Dispositions really only provides a ‘heads up’ for further action
The Dispositions process may be instead used as a form of ‘heads up’ that records are starting to be due for disposal in a document library. This would allow the records managers (who should be Site Collection administrators) to review the library, export the complete set of metadata, and decide if the entire library can be deleted since it is no longer required.
Retention labels in O365 are an effective way of managing the retention and disposal of records in that environment, subject to the following points.
Emails will likely continue to be managed as complete aggregations of records – the mailbox. Users cannot be expected to create logical groupings and apply individual retention labels to those records.
Organisational records policies may mandate specific timeframes for the retention of email (e.g., 1 year), while HR/IT security policies may mandate that whole mailboxes are retained for a period of time after employees leave. It is important to understand the difference between these two models
Options to automatically transfer emails to SharePoint document libraries via rules may be possible using Flow but these rely on individual users to set up.
Consideration should instead be given to using O365 Group mailboxes, rather than individual personal mailboxes, for specific work related matters. For example, ‘Customer Complaints’, or ‘XYZ Project’.
OneDrive for Business Accounts
ODfB accounts may be covered by two forms of retention:
Retention labels that apply to all ODfB accounts while the account is active. These must be manually applied by users.
A separate retention period set for ODfB accounts after a user leaves the organisation.
If there is a requirement to prevent the deletion of content by a user from their ODfB account, the better way to achieve this is using an eDiscovery case with Legal Hold applied.
As most records will be stored in SharePoint document libraries (including Office 365 Group-based SP libraries), multiple retention labels will be required to address different types of content or retention requirements.
Careful consideration should be given to whether records can be deleted automatically at the end of the retention period or should be subject to disposition review, noting that the automatic deletion provides no opportunity to capture the metadata of the records.

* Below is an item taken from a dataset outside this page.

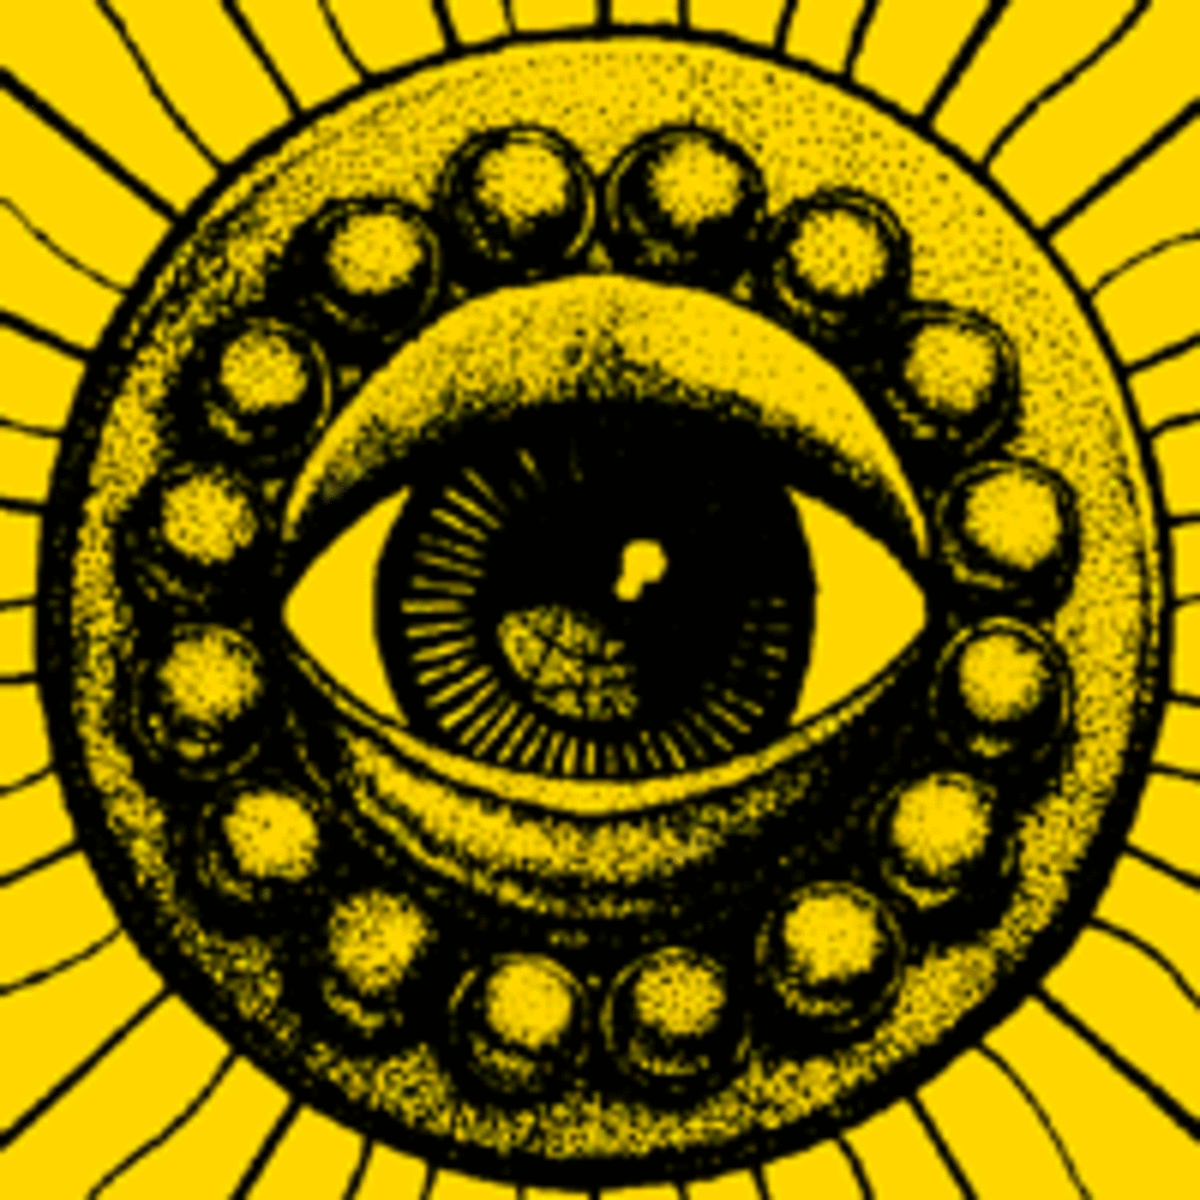 The Eye of Agamotto

The ‘auto-apply’ or event-based retention option should be used sparingly to avoid a trickle of records for disposal – unless there is enough trust that these can be accurately marked and deleted without review.

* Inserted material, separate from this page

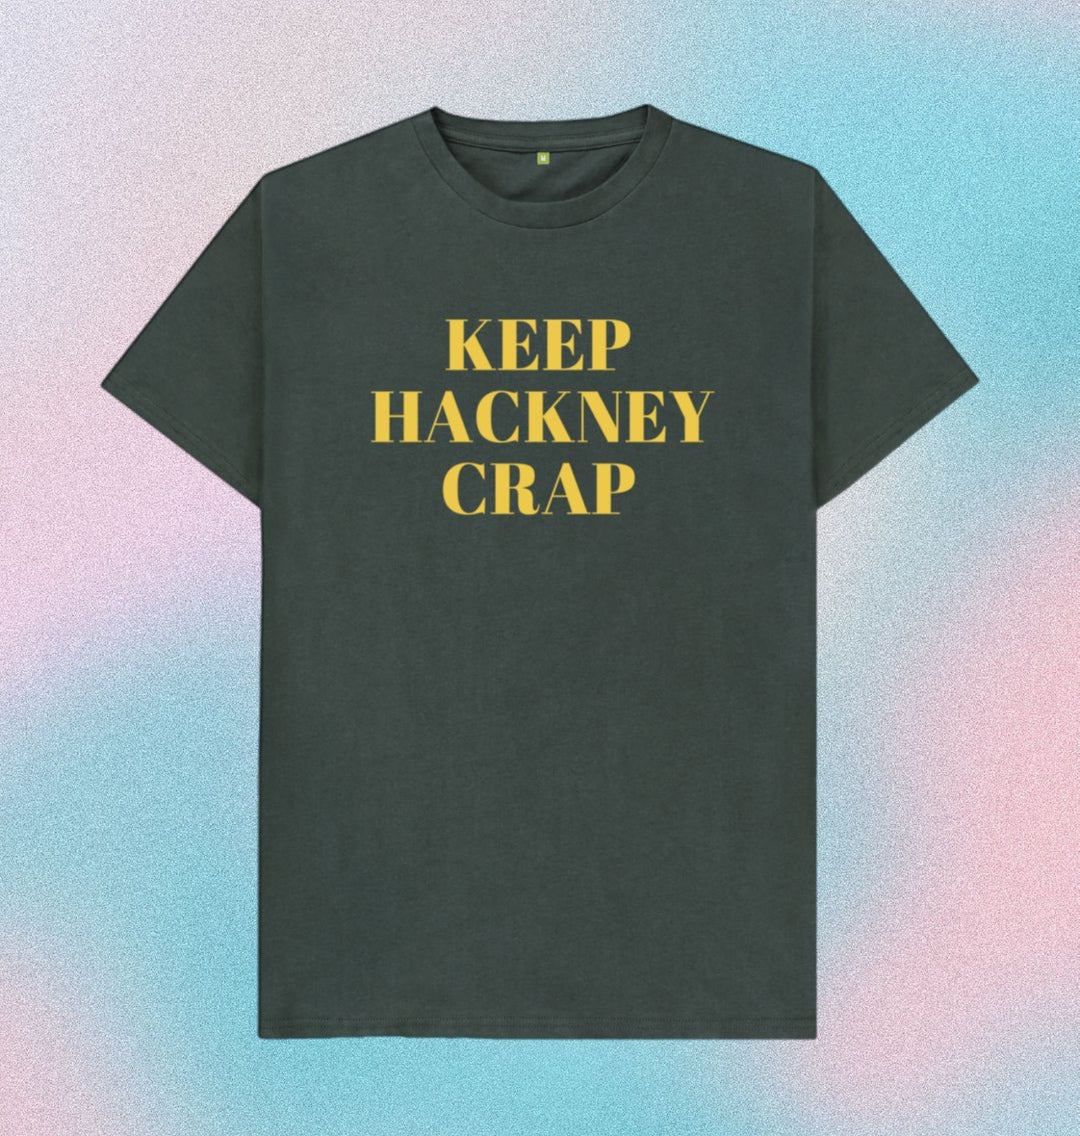 Keep Hackney Crap Unisex yellow text T-shirt

Shortcomings in the disposition review process support the following decisions for SharePoint Online content:
The number of retention labels should be minimised to avoid a very long drop-down menu when a label is applied. If current record retention or disposal authorities contain a lot of classes, some of these could potential be combined into a single class (e.g., ‘Company Records – 7 years’), while the site name and document library name should provide some context to the content to ‘map’ back to the original classes.

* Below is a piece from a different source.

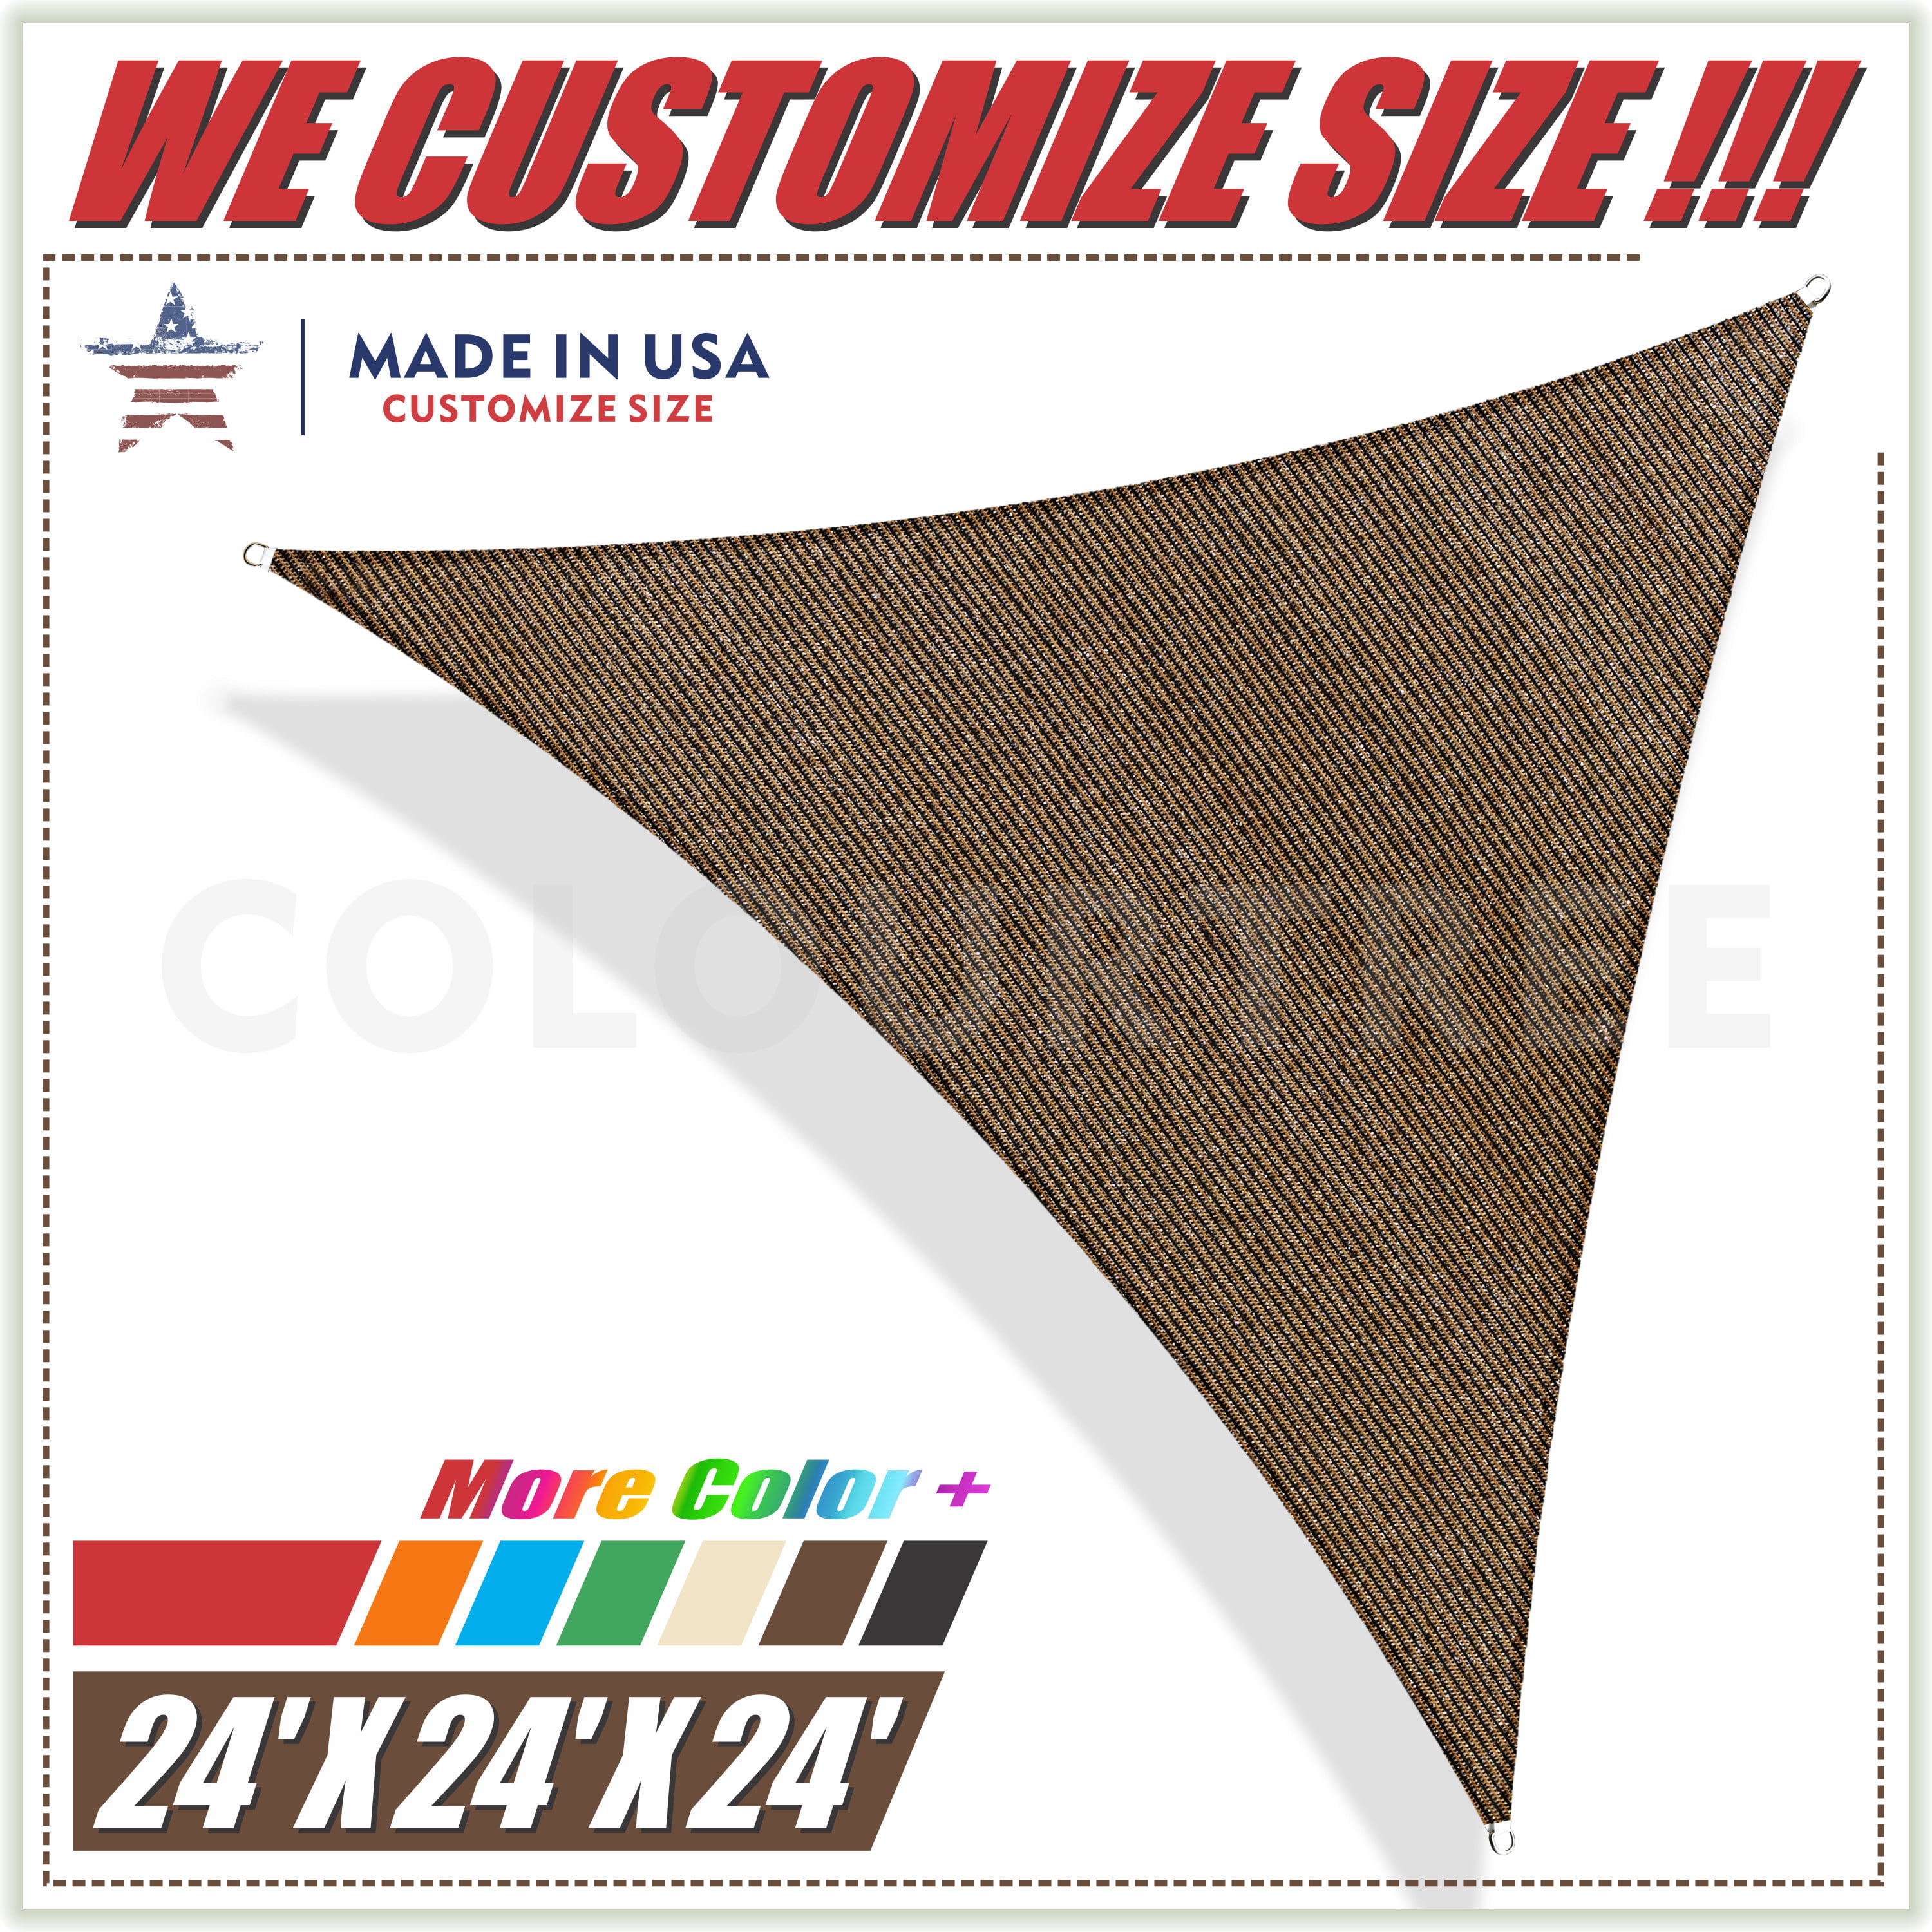 ColourTree 24' x 24' x 24' Sun Shade Sail Triangle Canopy Beige Brown CustomSize

Retention labels should be applied when document libraries (or lists) become inactive as this will avoid conflict with users who want to delete content and also ensure that documents are ready for disposition review at the same time.
Retention labels applied to SPO document libraries should include the disposition review option unless a ‘delete only’ label is considered suitable for certain document libraries that clearly contain working documents or Redundant, Outdated and Trivial (ROT) content.
Records managers should review the content of all or most original SPO document libraries, and export the metadata of those libraries for storage in a separate location (such as an ‘archives’ site), or in the original library with the retention label changed to ‘Never Delete’. The original document library can then be deleted.